Une nouvelle analyse révèle que de nombreux décès excédentaires attribués à des causes naturelles sont en réalité des décès non comptabilisés dus au COVID-19

Une nouvelle analyse révèle que de nombreux décès excédentaires attribués à des causes naturelles sont en réalité des décès non comptabilisés dus au COVID-19

Accueil » Psychologie » Troubles mentaux » Enfant » Une nouvelle analyse révèle que de nombreux décès excédentaires attribués à des causes naturelles sont en réalité des décès non comptabilisés dus au COVID-19

Une nouvelle étude fournit les données les plus convaincantes à ce jour suggérant que les taux de mortalité excédentaire dus à des maladies chroniques et à d’autres causes naturelles étaient en réalité entraînés par les infections au COVID-19, réfutant les affirmations très médiatisées qui attribuaient ces décès à d’autres facteurs tels que les vaccinations contre le COVID et le logement. -politiques en place.

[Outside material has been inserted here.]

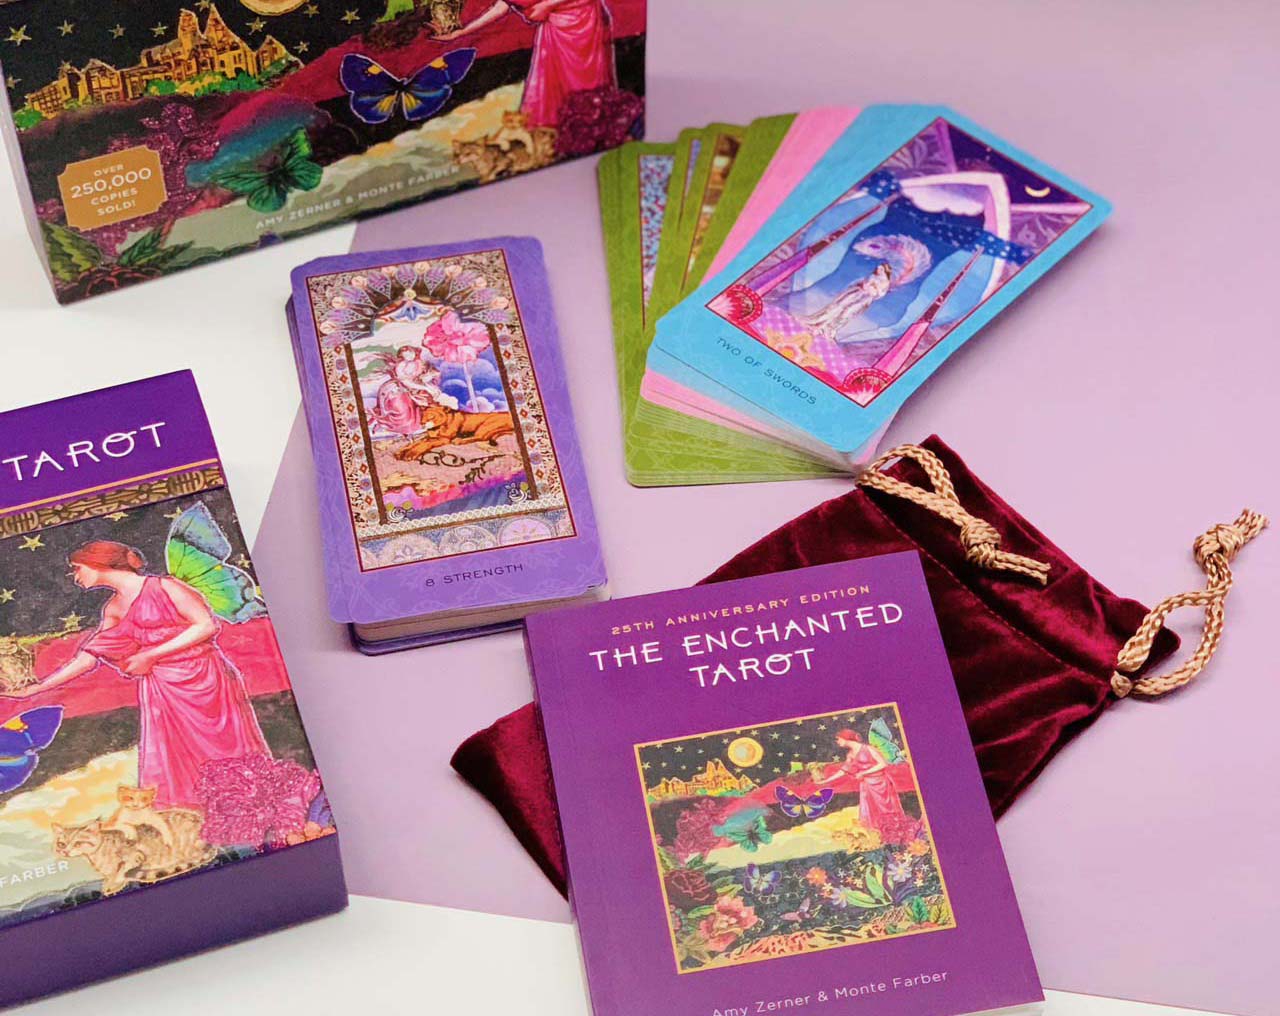 The Enchanted Tarot : 25th Anniversary Edition

Près de 1 170 000 personnes sont mortes du COVID-19 aux États-Unis, selon les décomptes fédéraux officiels, mais plusieurs études sur la surmortalité suggèrent que ces totaux sont largement sous-estimés. Bien que la surmortalité fournisse une estimation des décès qui n’auraient probablement pas eu lieu dans des conditions normales et non pandémiques, il existe encore peu de preuves permettant de savoir si le virus SARS-CoV-2 a contribué à ces décès supplémentaires ou si ces décès ont été causés par d’autres causes. facteurs tels que les perturbations des soins de santé ou les défis socio-économiques.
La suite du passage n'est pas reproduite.